India’s intervention has handed itself a serious strategic problem. With the erstwhile East Pakistan as its eastern wing, Pakistan was always unbalanced. With its severance, Pakistan became a more cohesive entity. Pakistan would have wasted itself trying to preserve its eastern territory, but after 1971, began carrying its jihad into India in keeping with its doctrine of bleeding India through a thousand cuts. This fact is not appreciated by peaceniks and those naïve folk who believe that “people to people contact” and mouthing of empty platitudes will solve all problems between India and Pakistan.

Pakistan’s ISI also operates with impunity in Bangladesh, carrying out anti-India activities in collusion with the Islamist terror groups based there. Then there is the ever-present menace of infiltration, which has the twin objective of grabbing living space for Bangladesh’s population and altering the demography of our North Eastern states, which face the alarming prospect of being swamped by Bangladeshis.

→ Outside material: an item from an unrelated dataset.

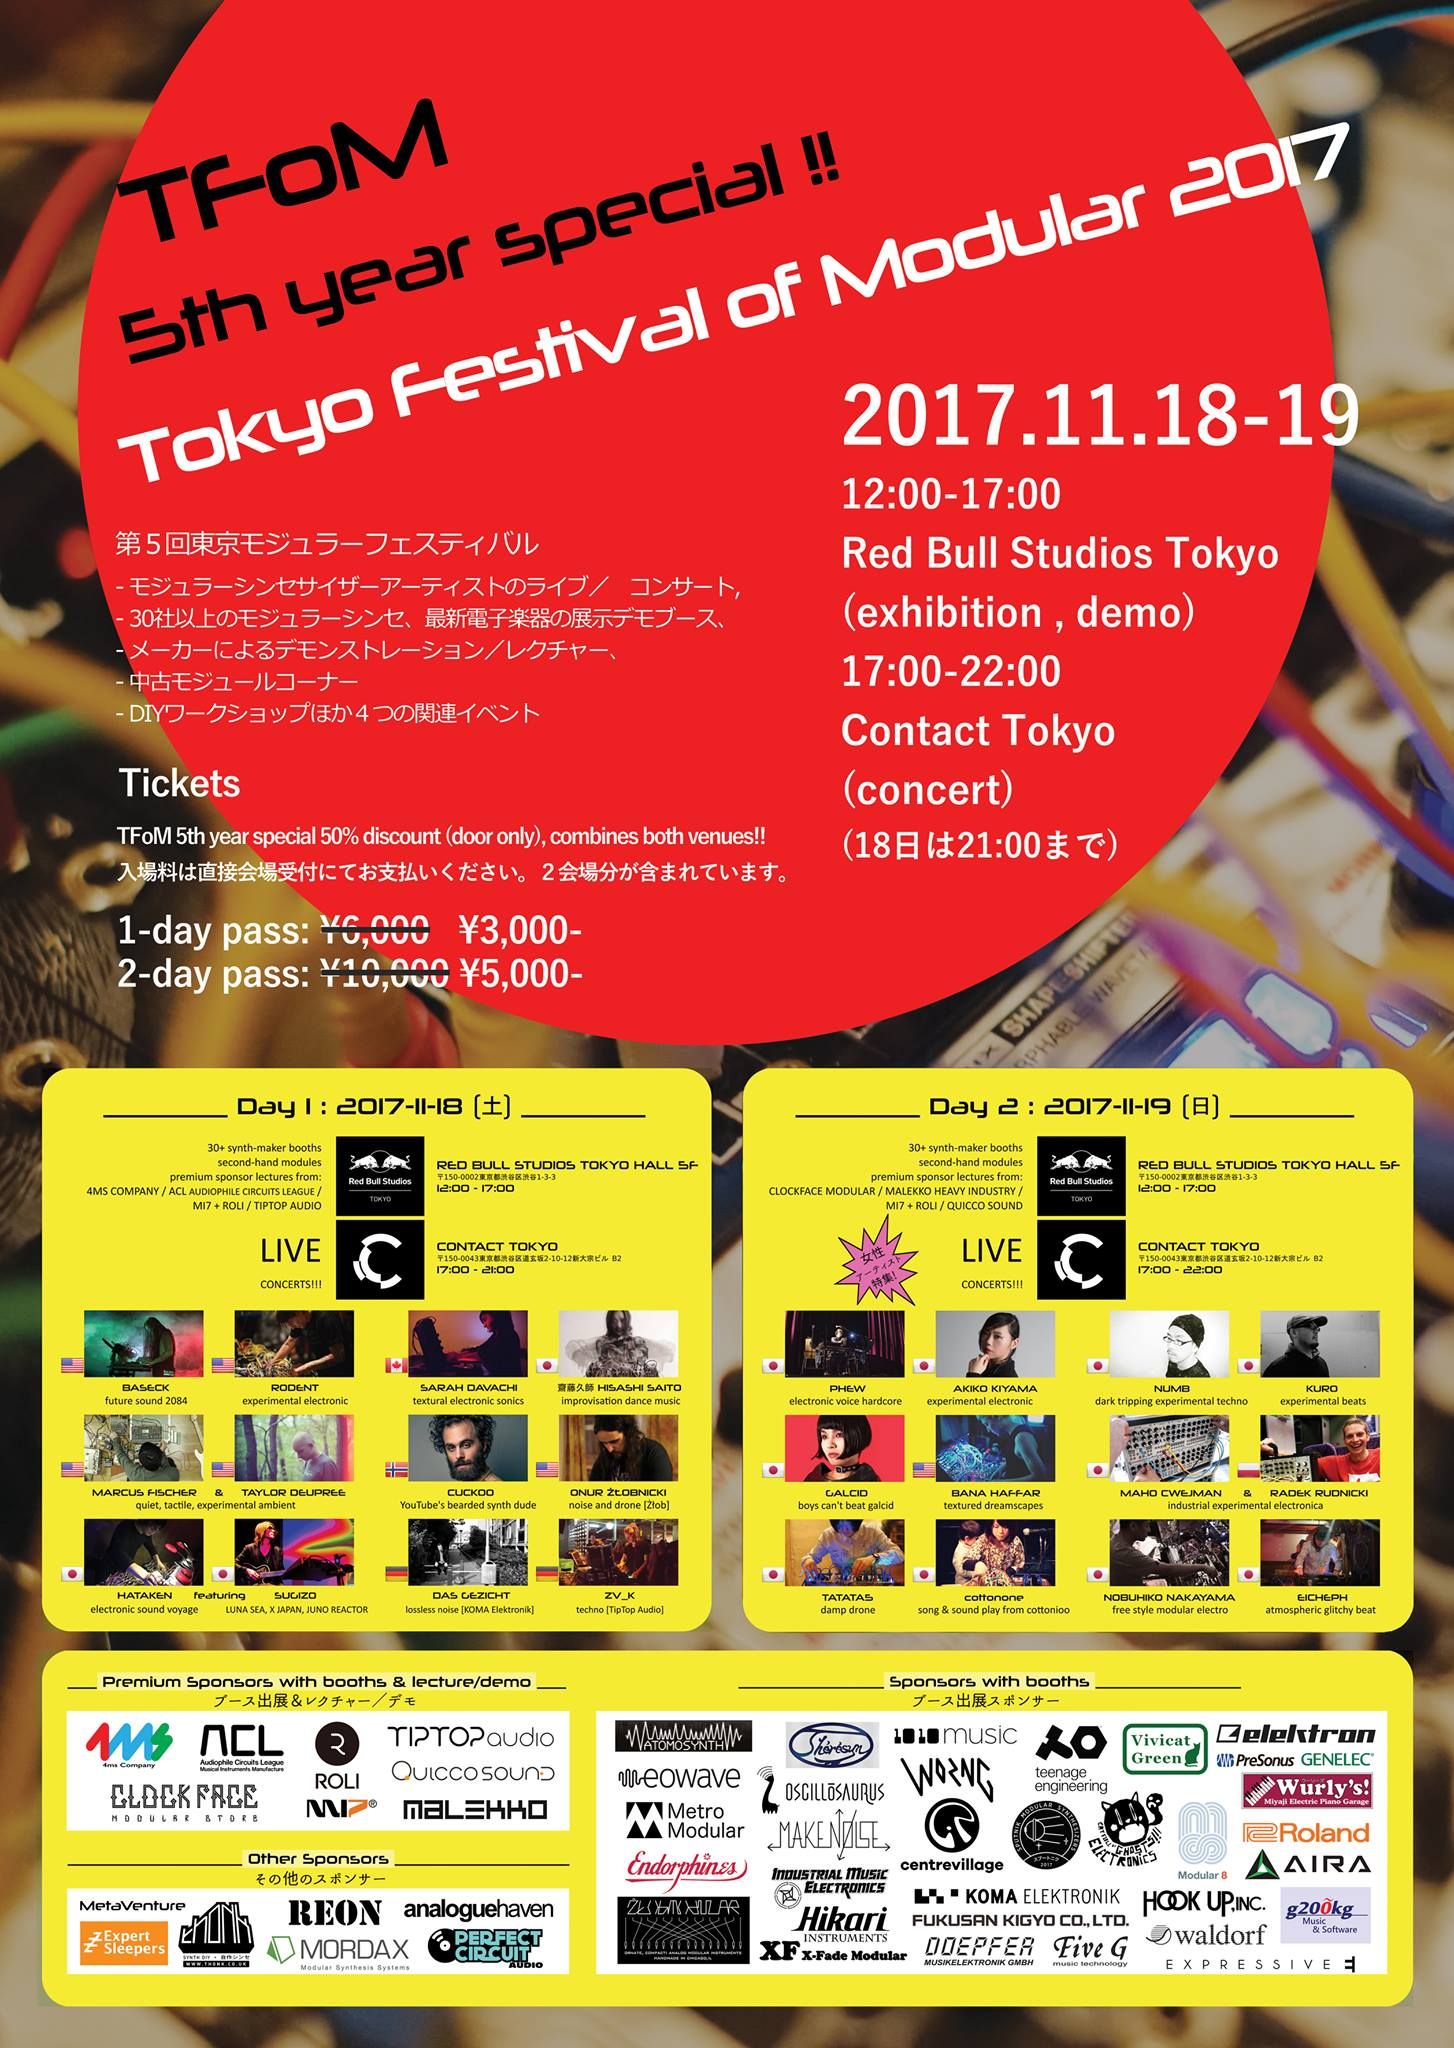 Tokyo Festival of Modular 2017 Concert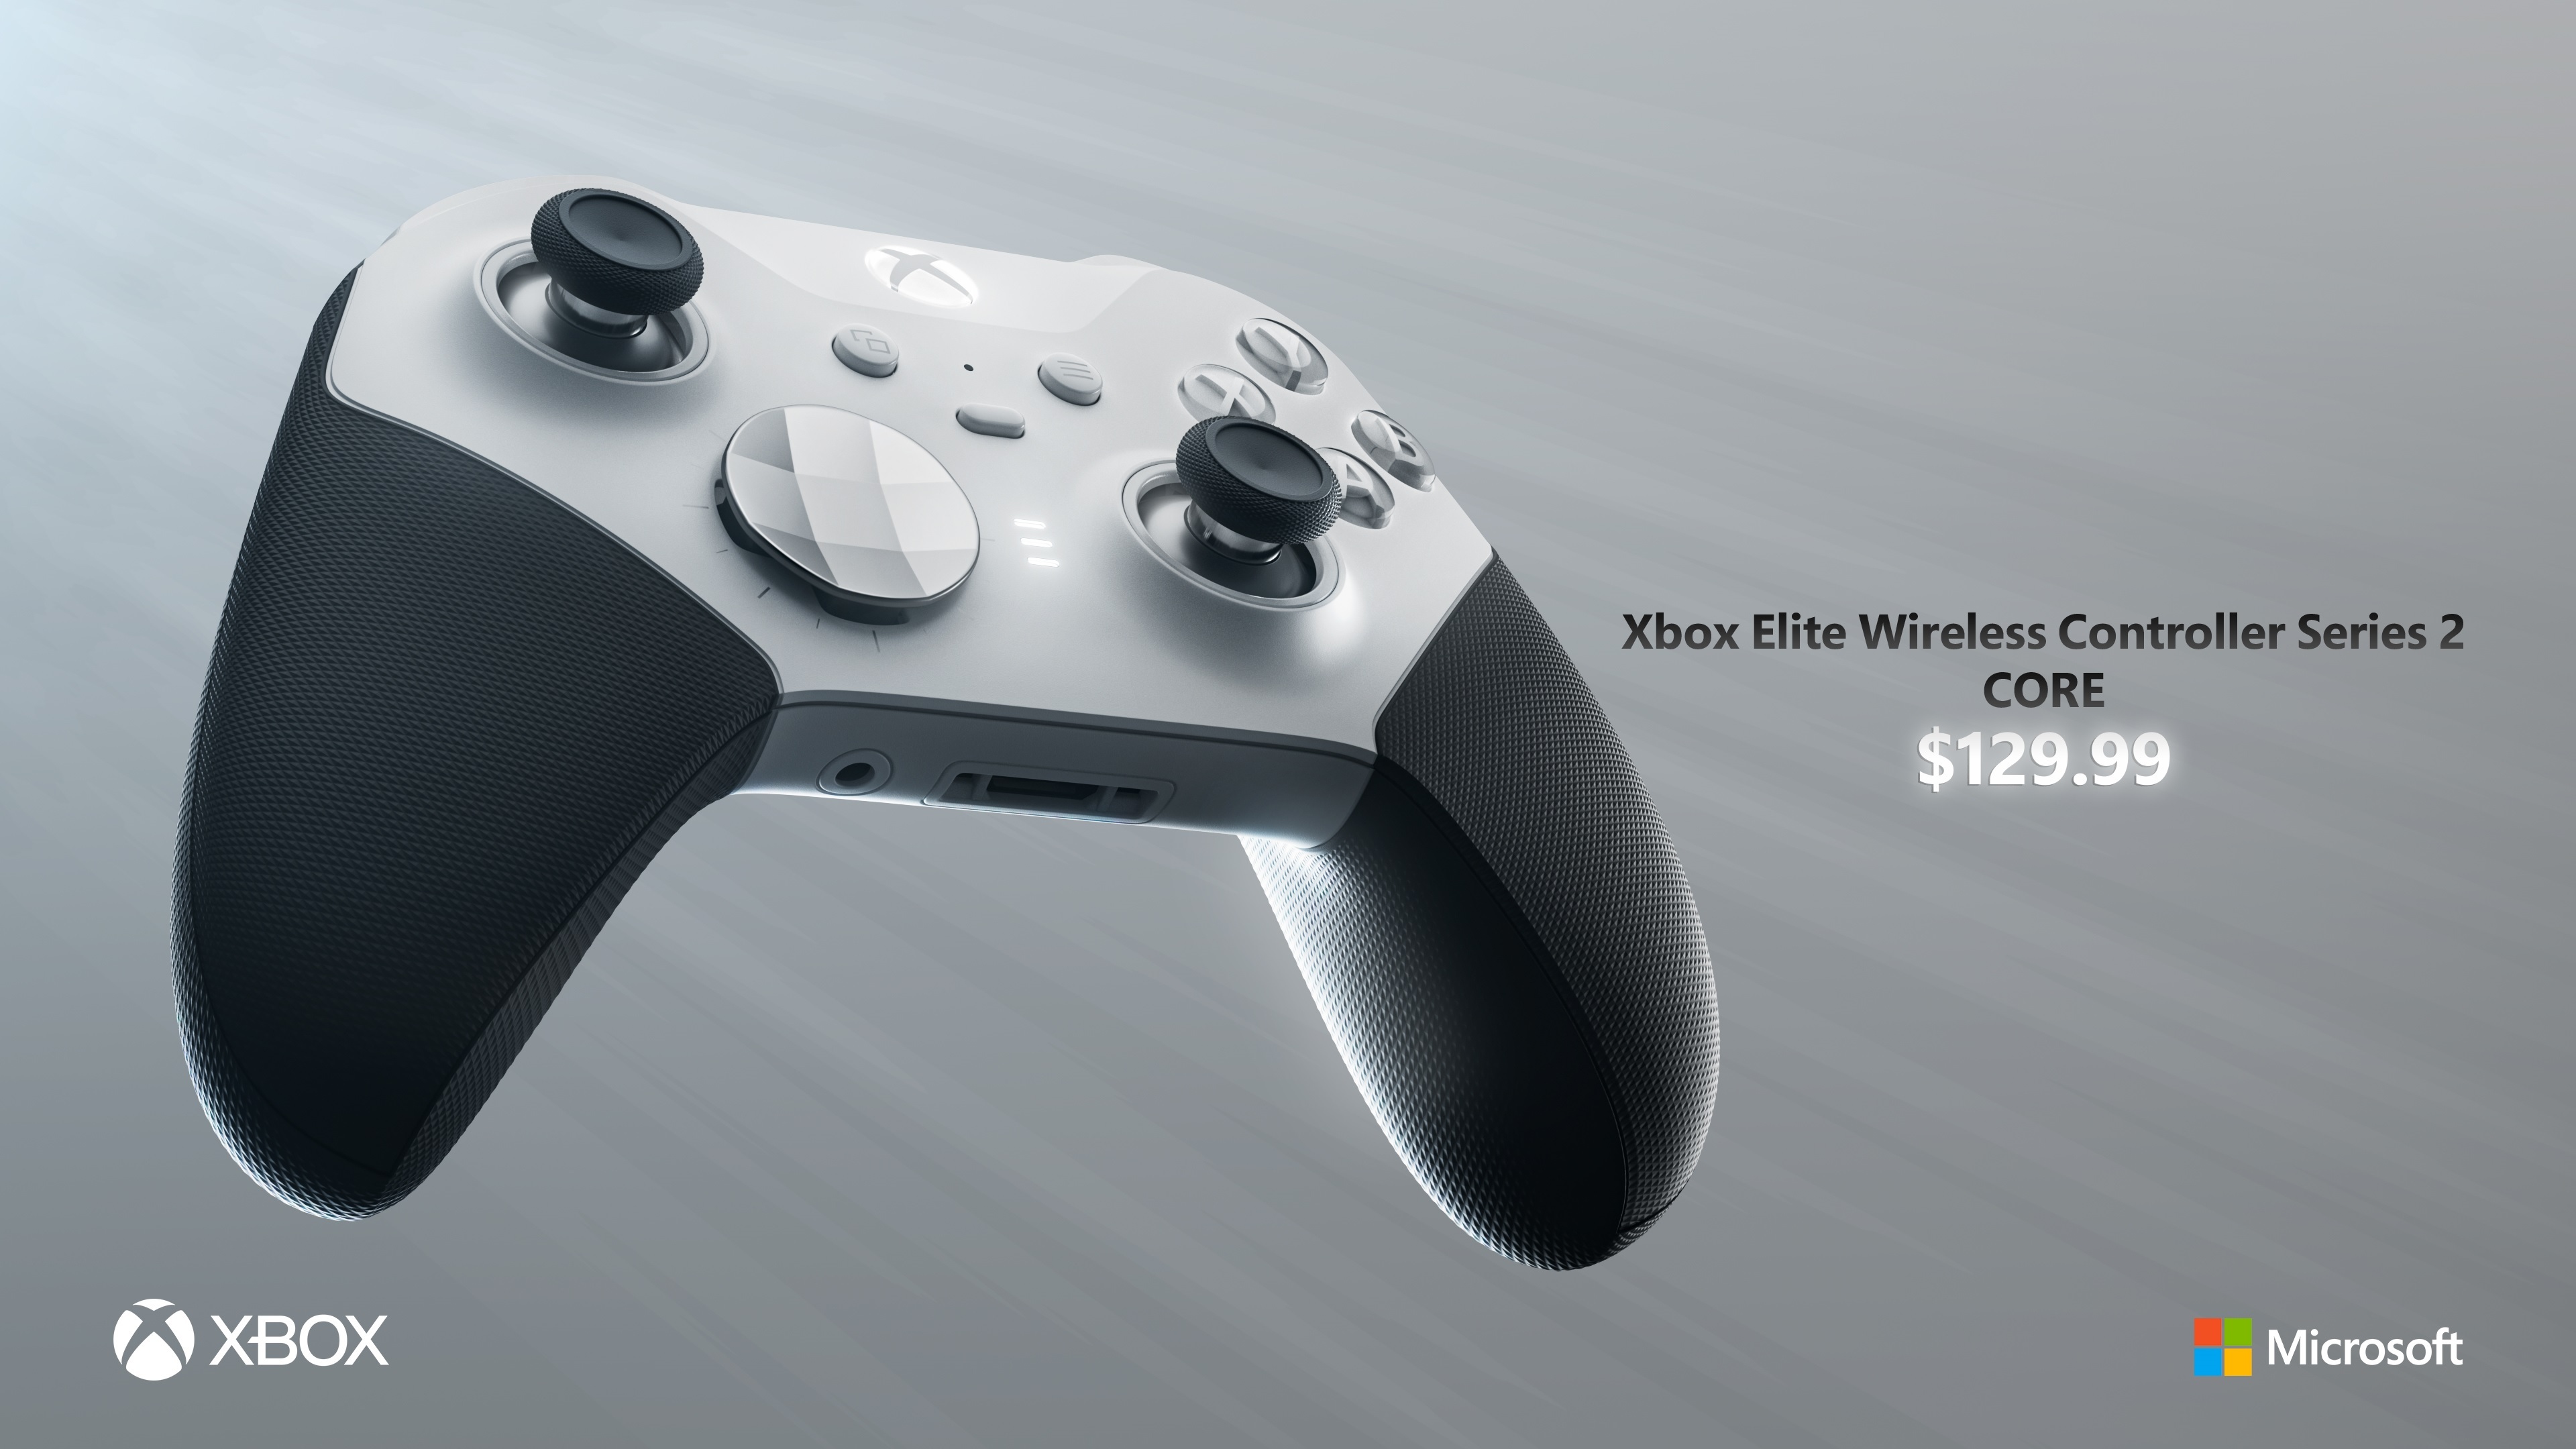 The new Xbox Elite controller in white

One should not be surprised if some day Bangladesh claims India’s North East to be an ‘integral part’ of Bangladesh. Sheikh Mujibur had years earlier written that the economy of East Bengal would not be fully viable without Assam being a part of it.

The Hindus in Bangladesh are not treated well. India, the country whose sacrifices made the birth of Bangladesh possible is looked upon with suspicion. Why have things come to this pass? This is so because the political handling of the aftermath of 1971 war was naïve, to say the least. Indira Gandhi left her policy making to the Panch Pyare, i.e., her five advisors, who botched a historic opportunity to settle Pakistan. In Bangladesh, we put all our eggs earlier in Sheikh Mujibur Rahman’s basket. With his assassination, we lost all our bargaining power. Fortunately Mujib’s daughter Sheikh Hasina is not anti-India as Begum Khalida Zia was.

Unfortunately, foreign policy in India has hitherto been an exclusive preserve of the Nehru dynasty, with often disastrous results. It is only after 2014 that we are seeing a marked change in this regard with commensurate change in India’s stature in the world. Foreign policy calls for greater transparency and greater debate, both within Parliament as also outside in the media and think tanks.

While designing foreign policy in the context of Bangladesh, I am sure as to what might follow after the current Prime Minister of Bangladesh retires. Sheikh Hasina remembers her father, how her country was liberated, and the importance of pursuing a moderate foreign policy, especially towards India. The reason for sounding this note of caution is that an Islamic country has few policy options. They have to work within the framework of what the Qur’an says. True democracy is not possible, nor is genuine socialism. When Islam was born, there were only kings and sheikhs. Times have changed since, but the scriptures have not. Therefore, when rulers run out of options, they take refuge in militarism or Islamic extremism, as did President Zia-ul-Haq of Pakistan.